Erika DreifusMedia Editor, Fig Tree Books. FigTreeBooks.net

How do you define the goals of a publicist? What do you believe is your most important function?

Perhaps I should begin with what isn’t my function: My job is not to acquire, edit, produce, or distribute books. At its core, my job is to inform and engage the reading public (along with key constituencies: booksellers, librarians, and the like).

What special skills and/or experience do you bring to the table in your work? What skills would you recommend other publicists acquire?

Experience in other roles is helpful. For instance, I’ve worn the author hat—my own book of short fiction, Quiet Americans, was published in 2011 by a brand-new, independent press. Since that press was so small, I assumed an active role in publicizing and promoting it: getting the book to reviewers and bloggers, entering it in contests, arranging my own events, and so forth.
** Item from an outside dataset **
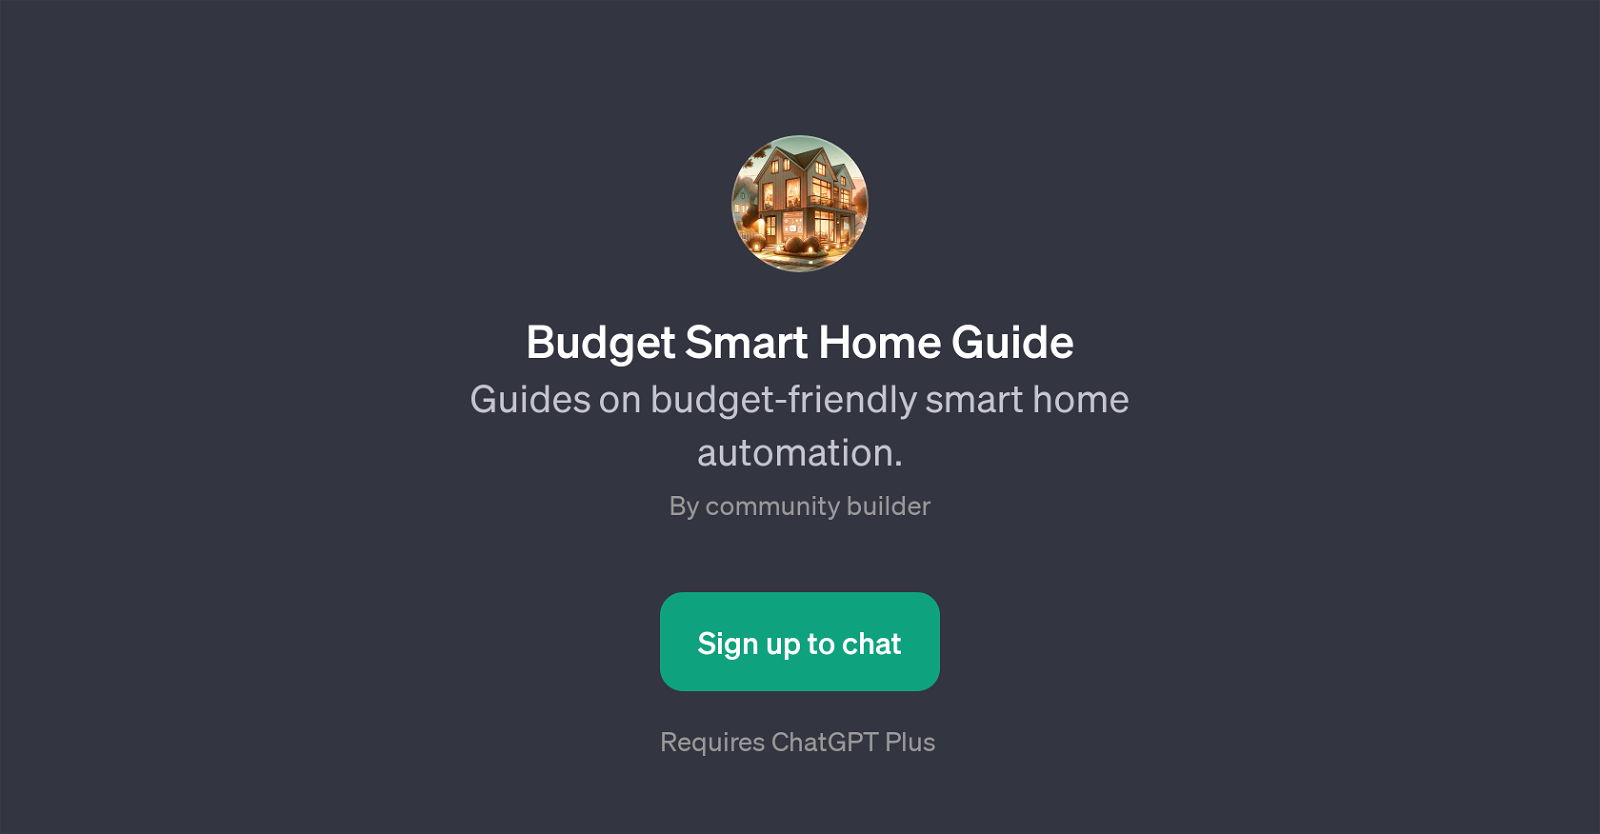 Budget Smart Home Guide website

I’ve also worked as a freelance reviewer and maintained blogs, so I have some sense of what works and what doesn’t when reaching out to people in those communities.

Can you provide an example of an innovative campaign or approach you took that led to success?

We are always grateful for collaborations with the Jewish Book Council (JBC), an essential resource for everyone in the “Jewish-lit” world. Early on, Jessamyn Hope’s beautiful debut novel, Safekeeping, proved to be especially popular with members of the JBC Network program; Jessamyn has received invitations to visit an array of communities around North America. We have equally high hopes for author Ben Nadler, whom we have enrolled in that program most recently along with his latest novel, The Sea Beach Line.

I think it was also helpful for Fig Tree that I attended last year’s Annual Conference of the Association of Jewish Libraries, where I was able to meet and speak with so many fantastic librarians. That was a wonderful opportunity to introduce them to Fig Tree and to several of our first books. Plus, I had a terrific time—what a great group!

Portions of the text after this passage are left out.